В тот же вечер мы ехали из Шереметьева после проводов Германа в Швецию. Он все-таки женился на Ульке, их честь по чести расписали в загсе – потеря какого-то там барабанщика не сильное потрясение для государства.

Прощание вышло тягостным. В ресторане была опорожнена не одна бутылка. После чего раскисший до слез Гера доволокся до таможни. Шумно и слезливо расцеловал нас и с расхлябанной храбростью прошел за стеклянную перегородку. Таможенница, красотка в форме, до нитки перебрала Улькины вещи, ничего недозволенного не нашла и с брезгливой гримасой принялась за Германа. Серо-стальными глазами тщательно изучила Германовы документы и велела открыть истертый чемоданишко. В нем обнаружились две барабанные палочки.

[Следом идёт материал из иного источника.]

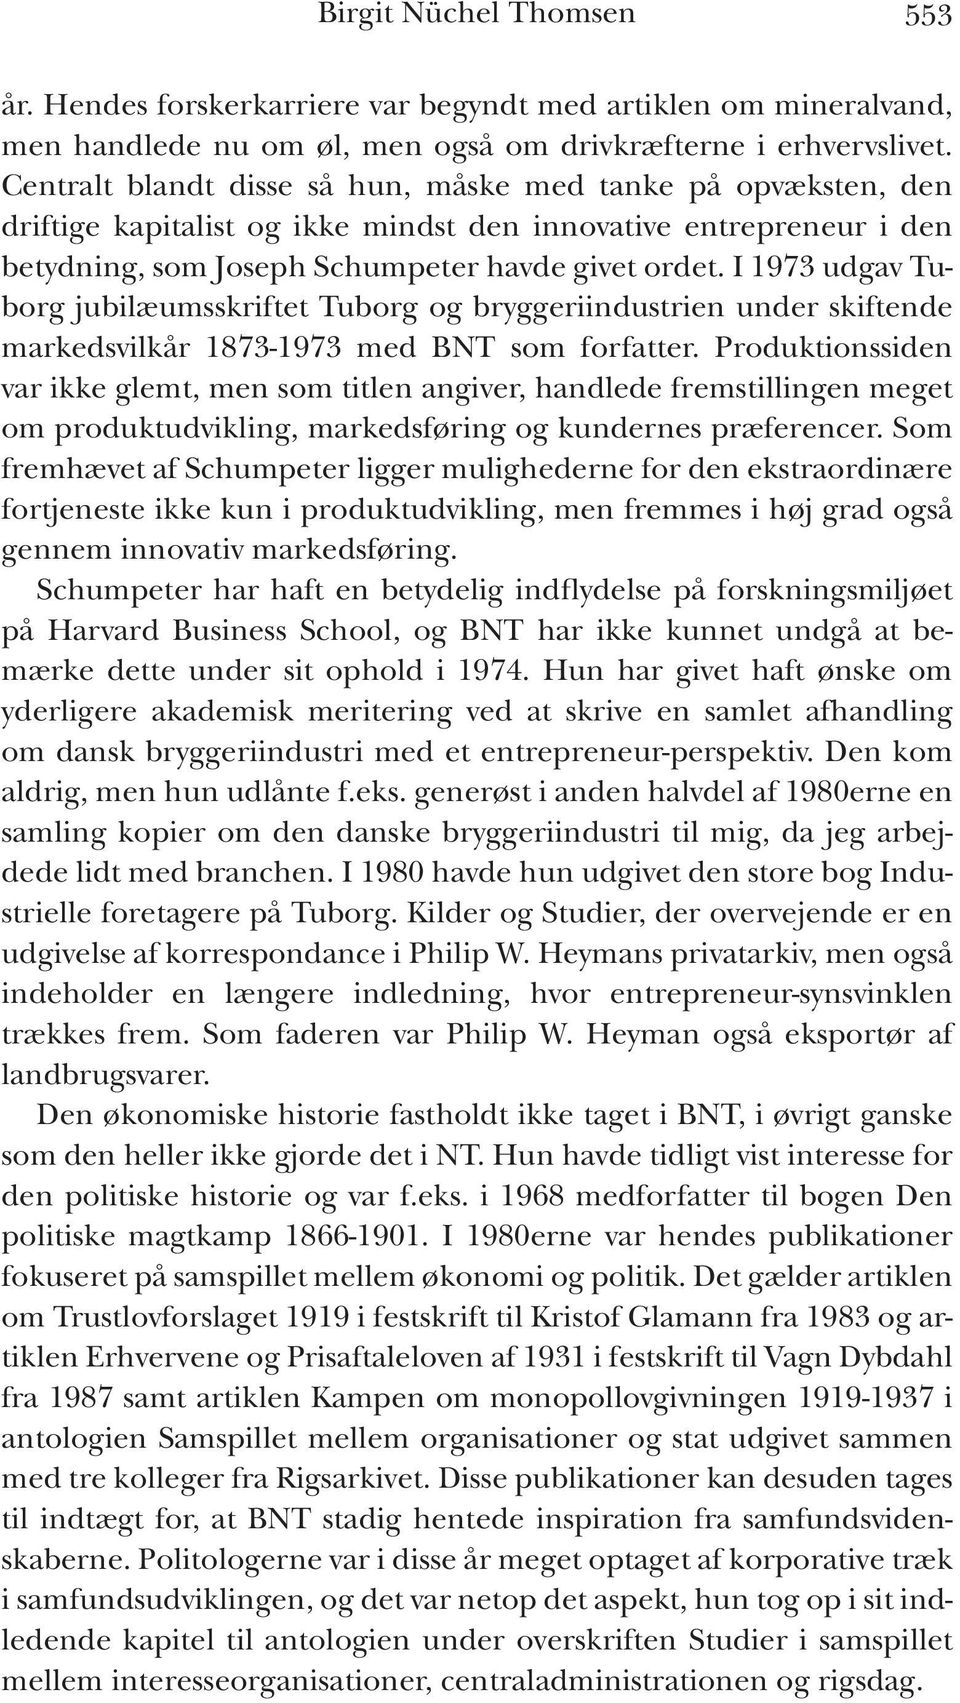 I 1973 udgav Tuborg jubilæumsskriftet Tuborg og bryggeriindustrien under skiftende markedsvilkår 1873-1973 med BNT som forfatter.

– Это зачем? – недоуменно спросила таможенница.

– На память, барышня, – хлюпнул носом Герман.

Держась за Ульку, как за спасение, обеими руками, доковылял до пограничной зоны, нетвердым жестом сделал нам ручкой, и больше Германа мы не видели.

Штисс оглянулся на таможню:

– Жалкий ручеек эмиграции. А если приоткрыть шлагбаум…

Нас осталось трое… я, Васька и Штисс. Еще раньше покинула нас Роза. Она сошлась с группой «Ревущие гитары» и отправилась бродить по мутным углам нашей необъятной родины. А теперь вот – Герман… Мы грустно договорились не расставаться в тот вечер – помянем музыкой Геру – и отправились ко мне.

За слезливо-дождливым окном электрички промелькнуло Очаково, Востряково. В раздвигающихся дверях появилась плотненькая особа в широкой мужской шляпе без ленты и произнесла низким неженским голосом:

– Добрый вечер. Здравствуйте товарищи. Передаем программу «Время». – И после тоненькой паузы продолжала. – Широка страна моя родная. Много в ней лесов, полей и рек. Я другой такой страны не знаю, где так вольно дышит человек. – Перевела дыхание. – Первого апреля в Советском Союзе произведен запуск очередного спутника Земли. На борту спутника имеется научная аппаратура для продолжения исследований космического пространства. Установленная на спутнике аппаратура и экипаж чувствуют себя и работают нормально.

Штисс пораженно взглянул на плоско-безглазое лицо под широкими полями шляпы:

– Это что за номера?

Я не удивляюсь. Интересно, что она сегодня поведает?

Васька грустно отвернулся в окно:

– Новости.

Она стояла посередине вагона и с той же безличной интонацией:

– Прославленный коллектив молотоотбойного комбината в городе Комсомольске-на-Амуре принял решение выполнить за год пятилетку. В цехах состоялся массовый митинг. – Облизала мятые губы. – Наш корреспондент передает из Афганистана. На полях наступила жаркая пора сева, и ограниченный контингент советских войск вышел на полевые работы, не забывая о защите афганской земли от бандитских шаек душманов. Но враг будет разбит и победа будет за нами.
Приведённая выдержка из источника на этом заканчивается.